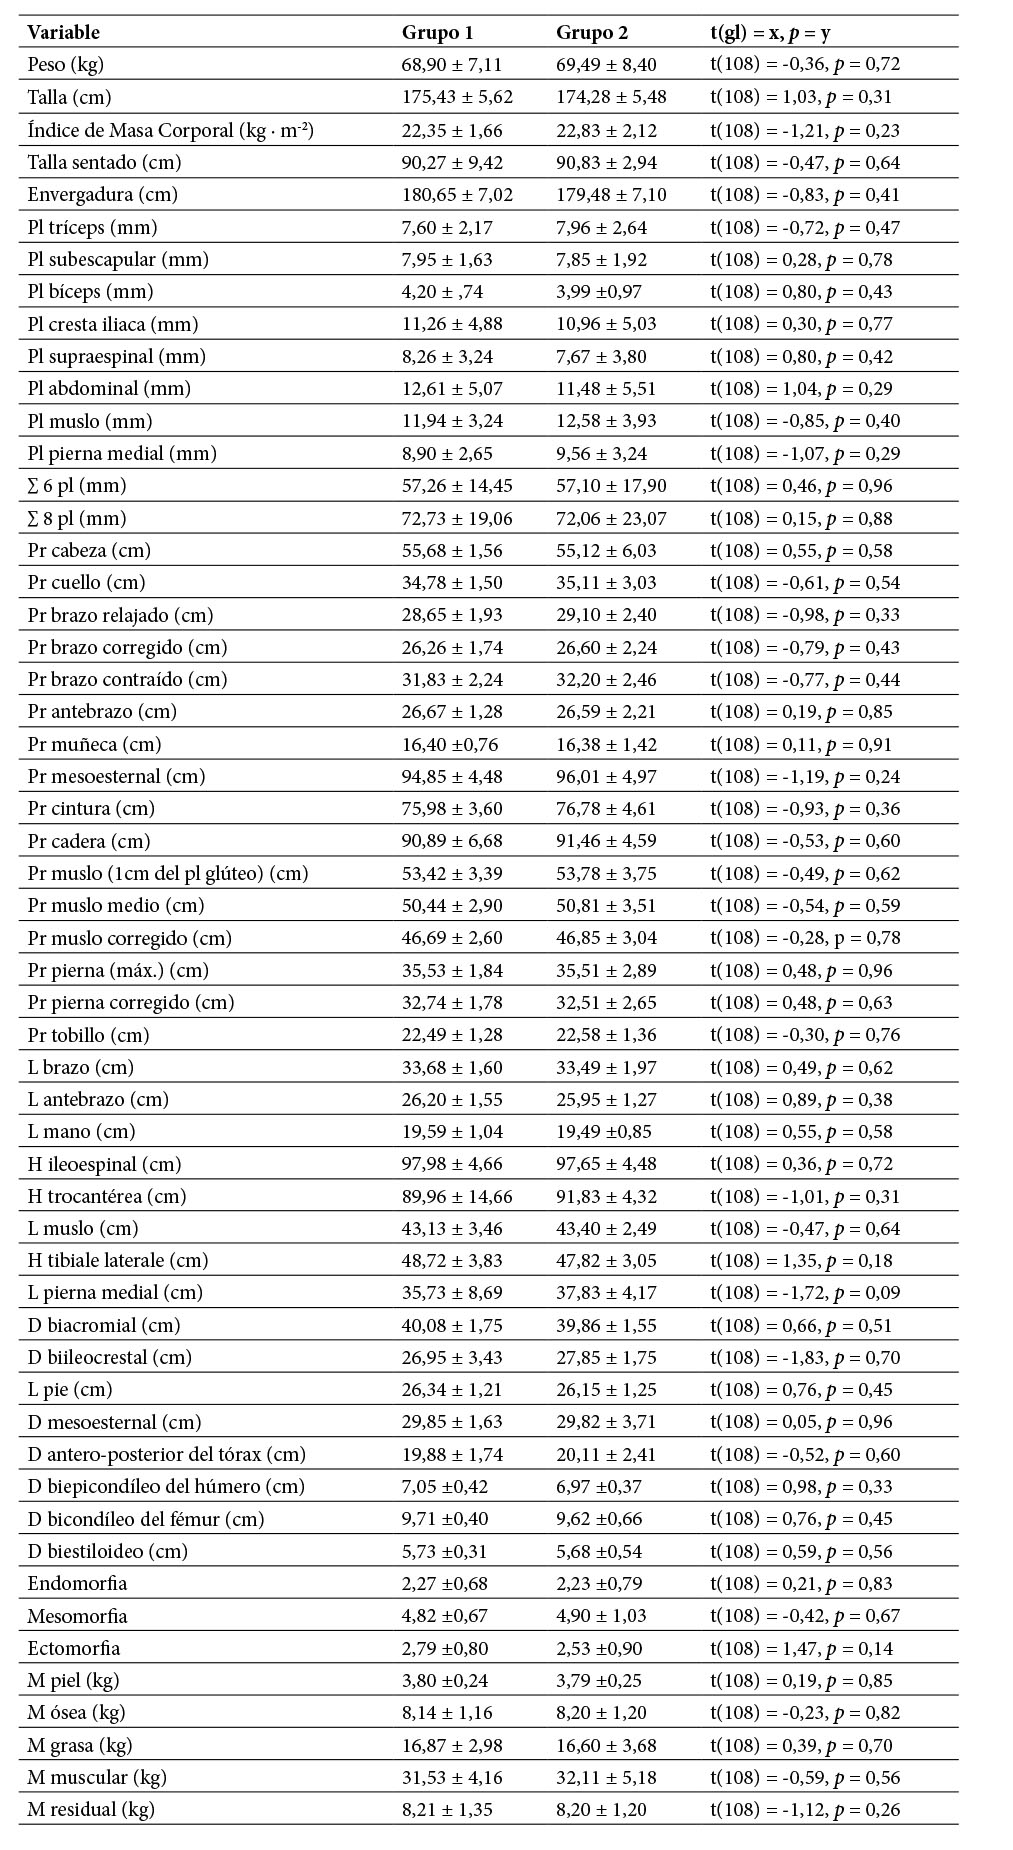 Características antropométricas, somatotipo e índice de masa corporal de los piragüistas
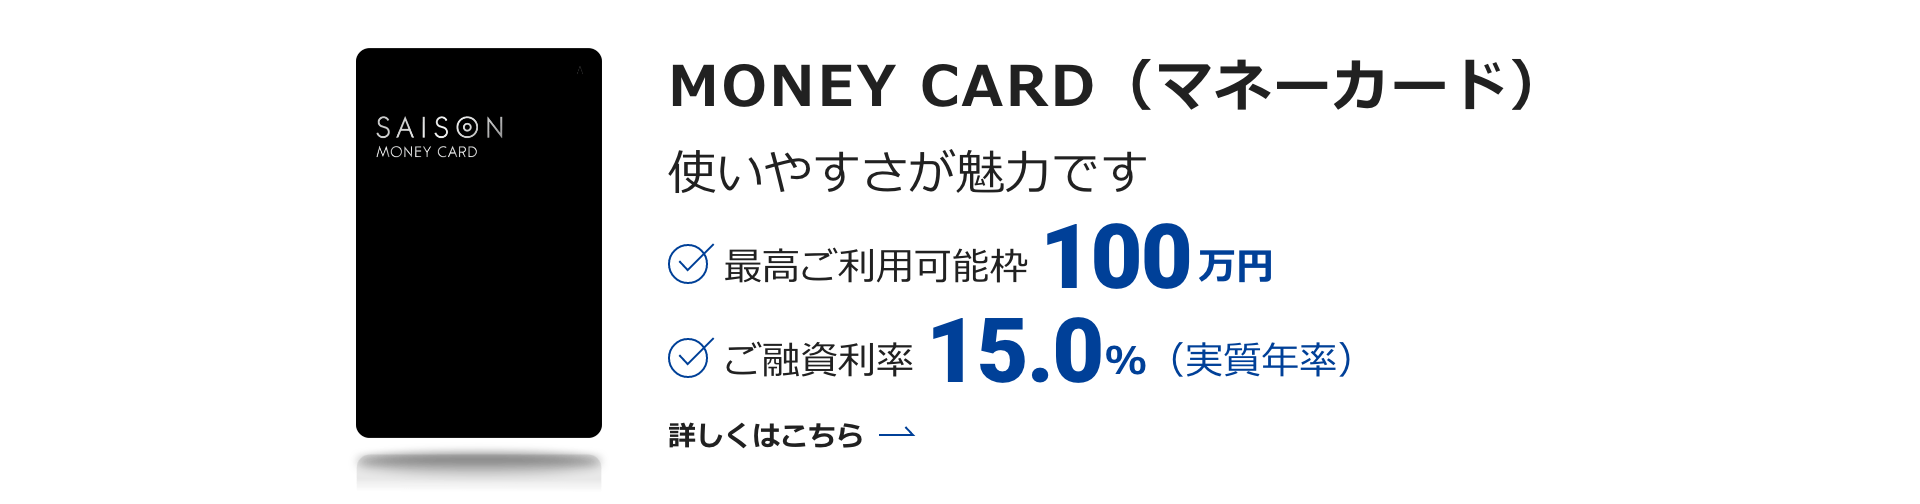 MONEY CARD（マネーカード）|使いやすさが魅力的です。|最高ご利用可能枠100万円|ご融資率15.0%(実質年率)
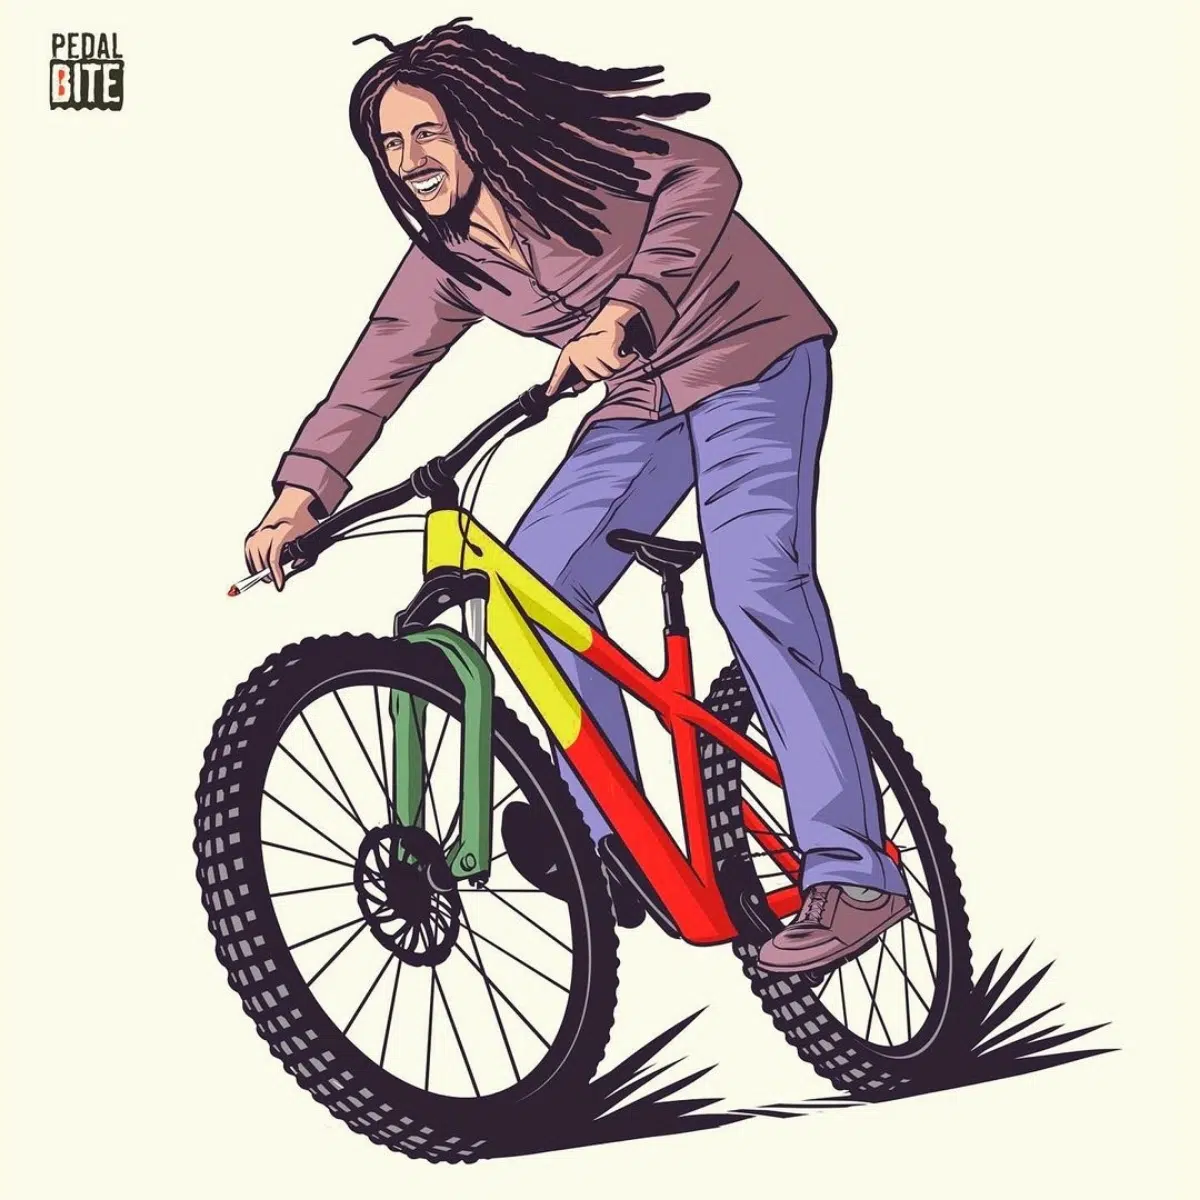 DOWNLOAD: Bob Marley – “Waiting In Vain” Mp3

-=-=-=-=-

The result should be the same data as above, line for line, with the pictures gone.

(Reply):
 Características antropométricas, somatotipo e índice de masa corporal de los piragüistas
 MONEY CARD（マネーカード）|使いやすさが魅力的です。|最高ご利用可能枠100万円|ご融資率15.0%(実質年率)
 DOWNLOAD: Bob Marley – “Waiting In Vain” Mp3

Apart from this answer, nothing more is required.